Angriffe auf Krankenhäuser von „Ärzte ohne Grenzen“ (MSF) finden die meiste internationale Aufmerksamkeit, sind aber nur die Spitze des Eisbergs. Seit Beginn des syrischen Bürgerkriegs im März 2011 dokumentierte die Organisation „Ärzte für Menschenrechte“ (PHR) insgesamt 329 Luftschläge auf 240 Einrichtungen, der Großteil verübt durch das Regime von Bashar al-Assad. Im vergangenen Jahr habe die Zahl solcher Attacken, die als Kriegsverbrechen gelten, drastisch zugenommen, bilanzierte PHR. 112 Mal wurden Hospitäler bombardiert, obwohl sie klar als solche markiert waren.

Nur noch ein Drittel der Kliniken sind in Betrieb

Die gezielte Zerstörung von Hospitälern, Lazaretten, Gesundheitsstationen, Arzneifabriken und Krankenwagen gehört zur bestialischen Kriegsstrategie in Syrien wie das Aushungern von ganzen Städten, Angriffe auf Schulen oder Massaker unter Wartenden, die für Brot anstehen. „Schlimmer als alles, was ich auf dem Balkan erlebt habe“, urteilte die ehemalige Chefanklägerin des Internationalen Strafgerichtshofs für die Kriegsverbrechen im ehemaligen Jugoslawien, Carla Del Ponte. Die Schweizer Juristin dokumentiert heute als UN-Ermittlerin Beweise für Kriegsverbrechen in Syrien. „Als wir unsere Untersuchung zu den Hospitälern begannen, haben wir zunächst geglaubt, dass die Angriffe Ergebnis eines schlechten Zivilschutzes sind“, sagte Widney Brown, Programmdirektor von „Ärzte für Menschenrechte“. Doch je mehr Daten die Aktivisten zusammentrugen, umso klarer wurde ihnen, „dass es sich um eine Strategie der Assad-Regierung – und jetzt auch Russlands – handelt“. Zahlreiche Kliniken seien mehrfach angegriffen worden, bis sie aufgegeben werden mussten.

„Das Gesundheitswesen zu zerstören, ist eine effektive Taktik“, erläuterte Brown. „Denn man erzeugt hohe zivile Verluste, die nicht das direkte Ergebnis von Bombenangriffen sind.“ So wären in Aleppo nur noch ein Drittel der einst 33 Krankenhäuser in Betrieb. 95 Prozent aller Ärzte seien geflohen, verhaftet oder getötet worden. Die letzten 80 Mediziner in der zerstörten Millionenstadt könnten nur noch die am schwersten Verwundeten behandeln und seien gezwungen, „in Badezimmern, Kellerhöhlen oder anderen Verstecken zu operieren“.

Bilder aus Madaya bewegen die Welt

Gleiches geschieht auch auf anderen Kriegsschauplätzen des Nahen und Mittleren Ostens.
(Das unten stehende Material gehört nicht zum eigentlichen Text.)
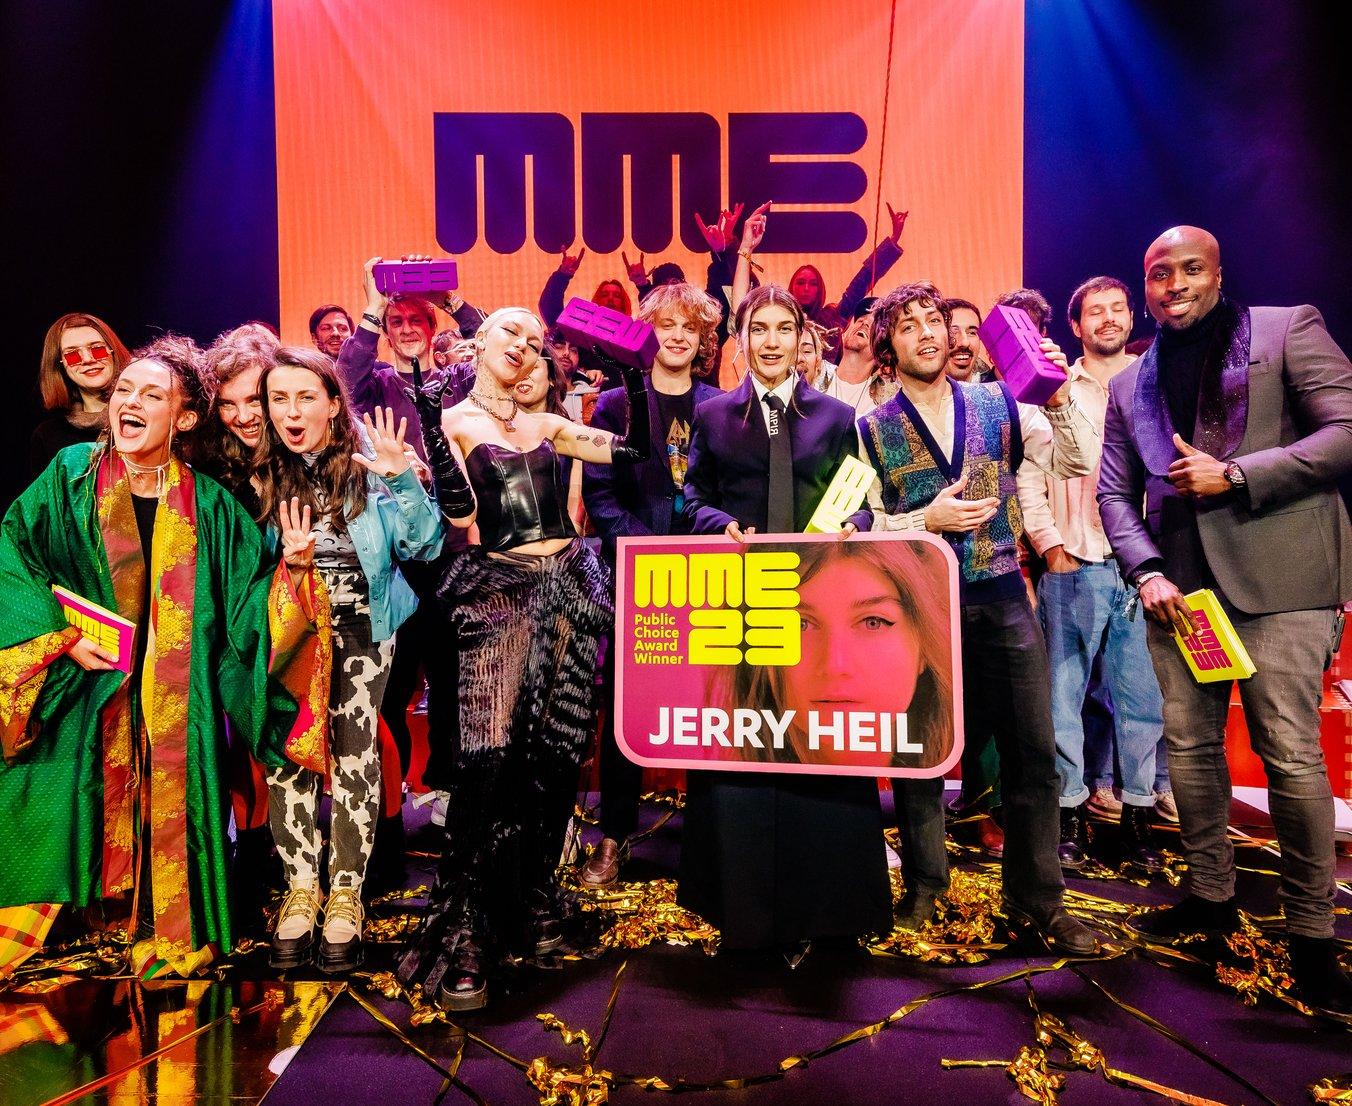 Jerry Heil won the European Union MME Awards 2023
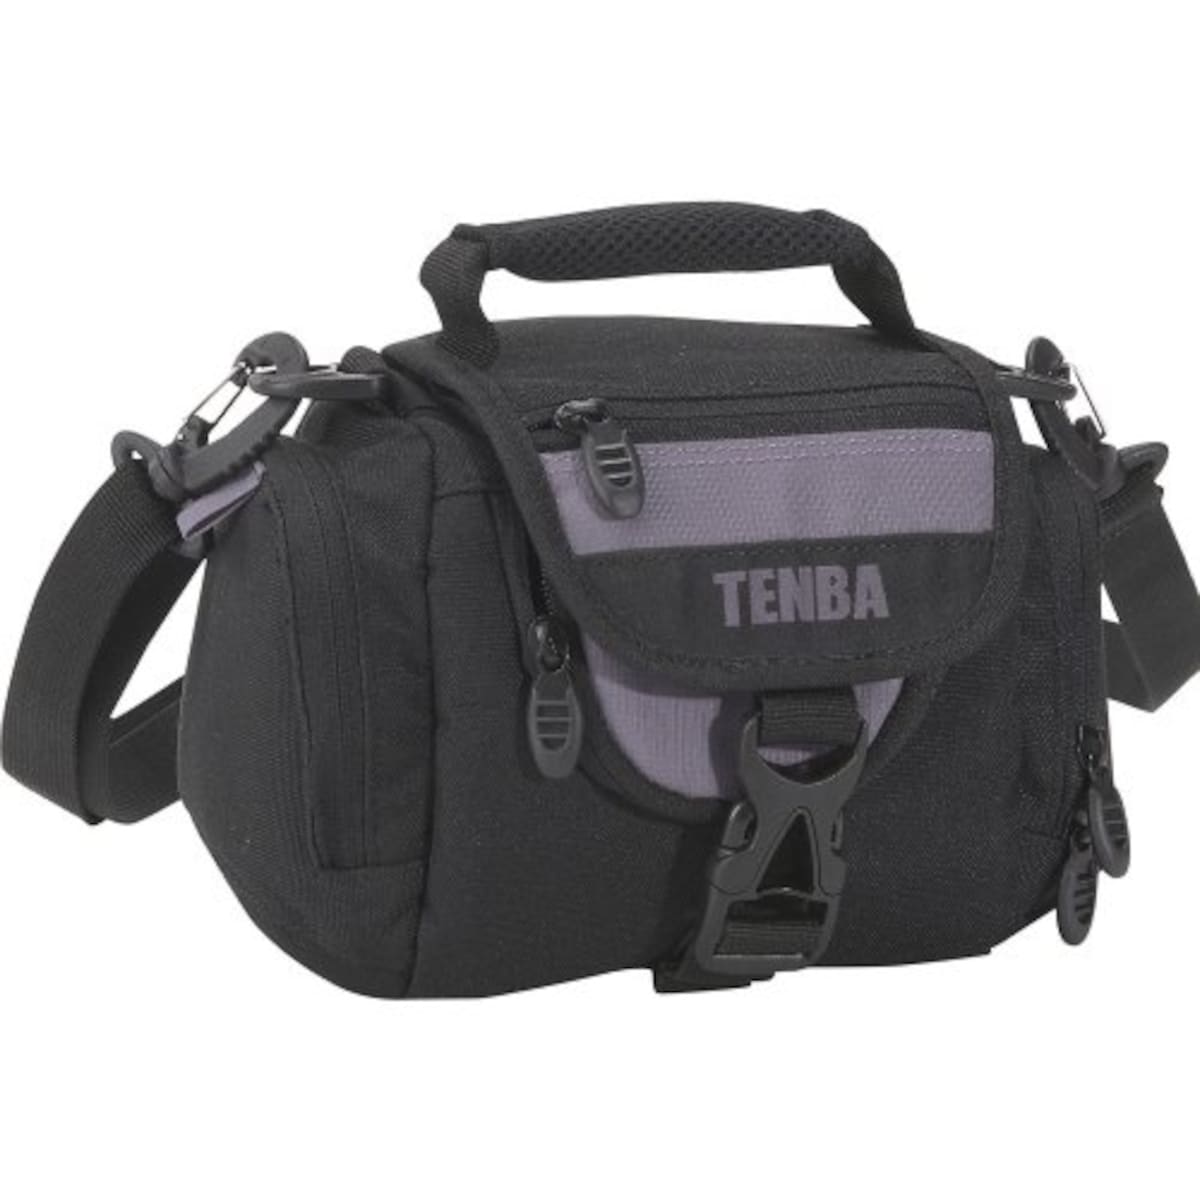 TENBA ショルダーバッグ エクスプレスショルダーバッグS ブラック/グレー 638-531

In Afghanistan bombardierten US-Kampfflugzeuge am 3. Oktober das MSF-Hospital in Kundus und legten es in Schutt und Asche. Drei Wochen später nahmen saudische F-16 im Nordjemen eine MSF-Klinik unter Feuer, obwohl der Einsatzzentrale in Riyadh die GPS-Koordinaten der Gebäude übermittelt worden waren. UN-Generalsekretär Ban Ki-Moon verurteilte den Angriff scharf, trotzdem traf es wenige Tage später die nächste Klinik, diesmal in Taiz. „Die Luftschläge Saudi-Arabiens machen im Jemen das Gleiche wie die des Assad-Regimes in Syrien“, sagt Widney Brown. Nur dass die Folgen im Jemen noch verheerender sind, weil das ärmste Land der arabischen Welt bereits vor Beginn des Krieges ein extrem schlechtes Gesundheitssystem hatte.

Die Bilder der ausgemergelten Bewohner von Madaya, der von Regierungstruppen und Hisbollah umzingelten Stadt nahe Damaskus, bewegten die Welt. Am Montagabend wurden endlich 44 Lastwagen des Roten Halbmonds und des Roten Kreuzes durchgelassen. 400 halb verhungerte Menschen müssten nach Ansicht der Helfer sofort evakuiert werden, sonst sei ihr Leben in Gefahr. „Das Leiden in Madaya ist das Schlimmste, was der syrische Bürgerkrieg bisher gesehen hat“, erklärte sichtlich erschüttert der Chef des syrischen UN-Flüchtlingshilfswerks, Sajjad Malik, in Genf. Doch Madaya ist kein Einzelfall. In 15 weiteren Hungerenklaven warten 400 000 eingeschlossene Menschen ebenfalls verzweifelt auf Hilfe von außen.